# My new boy Dillon.



## Lynn1959 (Aug 11, 2010)

He is 11 months old now and a holy terror.

Unfortunately we lost our darling Ollie in February last year. He is the gorgeous boy in my profile picture.

Here is our new lad Dillon.



















Very young here.


----------



## Netpon (Feb 21, 2012)

He is gorgeous!!!!


----------



## Lynn1959 (Aug 11, 2010)

Netpon said:


> He is gorgeous!!!!


Thank you he is a lovely cuddle monster till he starts nibbling or worse still have a bite which we are working on and he is getting there slowly. Wouldn't be without him though for all his naughtiness.


----------



## babycham2002 (Oct 18, 2009)

awww he is just scrummy 
I have an 11 month old Dillon as well who is also a terror, perhaps there is something in the name  
He is the opposite end of the size scale to your Dillon though, the mahogany dog in my signature  He weighs less than 5 kgs


----------



## Lynn1959 (Aug 11, 2010)

babycham2002 said:


> awww he is just scrummy
> I have an 11 month old Dillon as well who is also a terror, perhaps there is something in the name
> He is the opposite end of the size scale to your Dillon though, the mahogany dog in my signature  He weighs less than 5 kgs


Thank you. Maybe Dillon translates into naughty boy.
A case of little and large with your Dillon and mine.


----------



## Kinjilabs (Apr 15, 2009)

He's lovely


----------



## SixStar (Dec 8, 2009)

Gorgeous, gorgeous boy!


----------



## tattoogirl73 (Jun 25, 2011)

he's growing up so fast. he is a stunning boy :001_wub::001_wub:


----------



## Sarah+Hammies (Jul 20, 2009)

Aww he's lovely


----------



## Lynn1959 (Aug 11, 2010)

Kinjilabs said:


> He's lovely


Thank you.


----------



## Lynn1959 (Aug 11, 2010)

SixStar said:


> Gorgeous, gorgeous boy!


Thank you I see you have a Bernese too.


----------



## Lynn1959 (Aug 11, 2010)

tattoogirl73 said:


> he's growing up so fast. he is a stunning boy :001_wub::001_wub:


Thank you shame his brain isn't catching up with his body.


----------



## Lynn1959 (Aug 11, 2010)

Sarah+Hammies said:


> Aww he's lovely


Thank you.


----------



## kate_7590 (Feb 28, 2009)

Dillon really is lovely 
Nice to see you here Lynn x


----------



## Lynn1959 (Aug 11, 2010)

kate_7590 said:


> Dillon really is lovely
> Nice to see you here Lynn x


Hi and thank you some names are very familiar.
Must try not to stay away so long this time.


----------



## harrys_mum (Aug 18, 2010)

wow hes stunning.
michelle x


----------



## JordanRose (Mar 10, 2012)

What a beautiful boy! :001_wub:


----------



## jenny armour (Feb 28, 2010)

now that ikswhat i call a dog


----------



## emmaviolet (Oct 24, 2011)

Oh my word he is just so beautiful!!!

What a lovely boy!


----------



## Luz (Jul 28, 2012)

Oh no not another Bernese Mountain Dog!
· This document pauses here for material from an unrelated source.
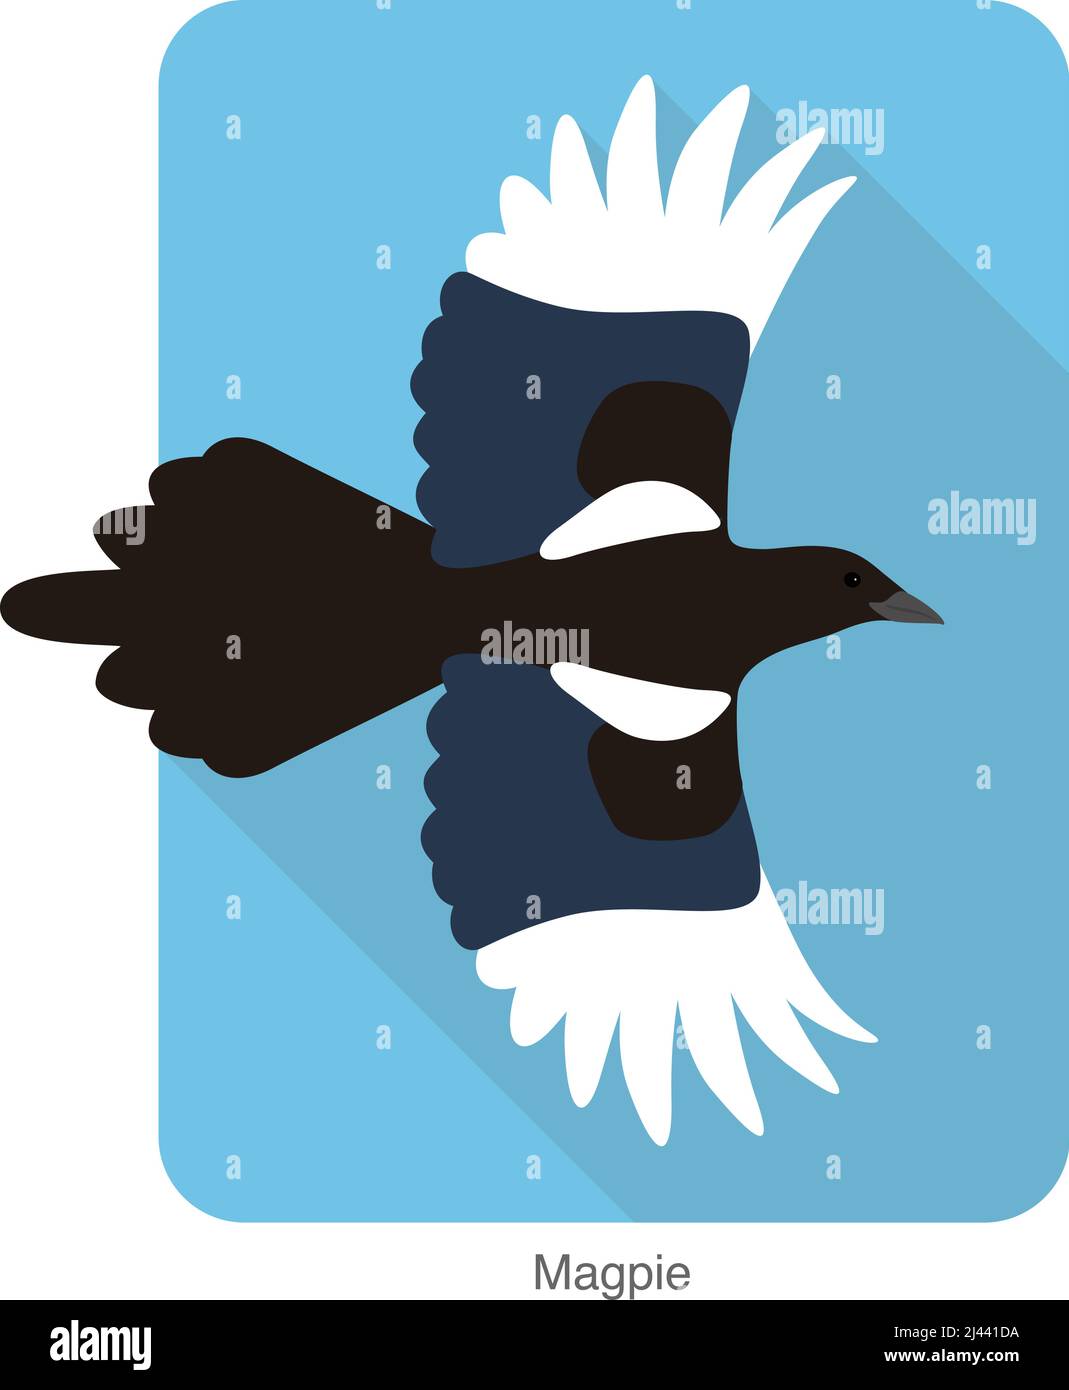 Magpie bird flying in the sky, vector illustration Stock Vector

I am so JEALOUS. He is GORGEOUS! :001_tt1: I want to adopt an old BMD. But having to wait till OH has got used to having 3 dogs first!


----------



## mrsaxlrose (Oct 28, 2009)

A holy terror? Surely not. Looks like butter wouldn't melt


----------



## Kezz (Nov 2, 2012)

Aw, he's gorgeous, I have a Dillon too, great name


----------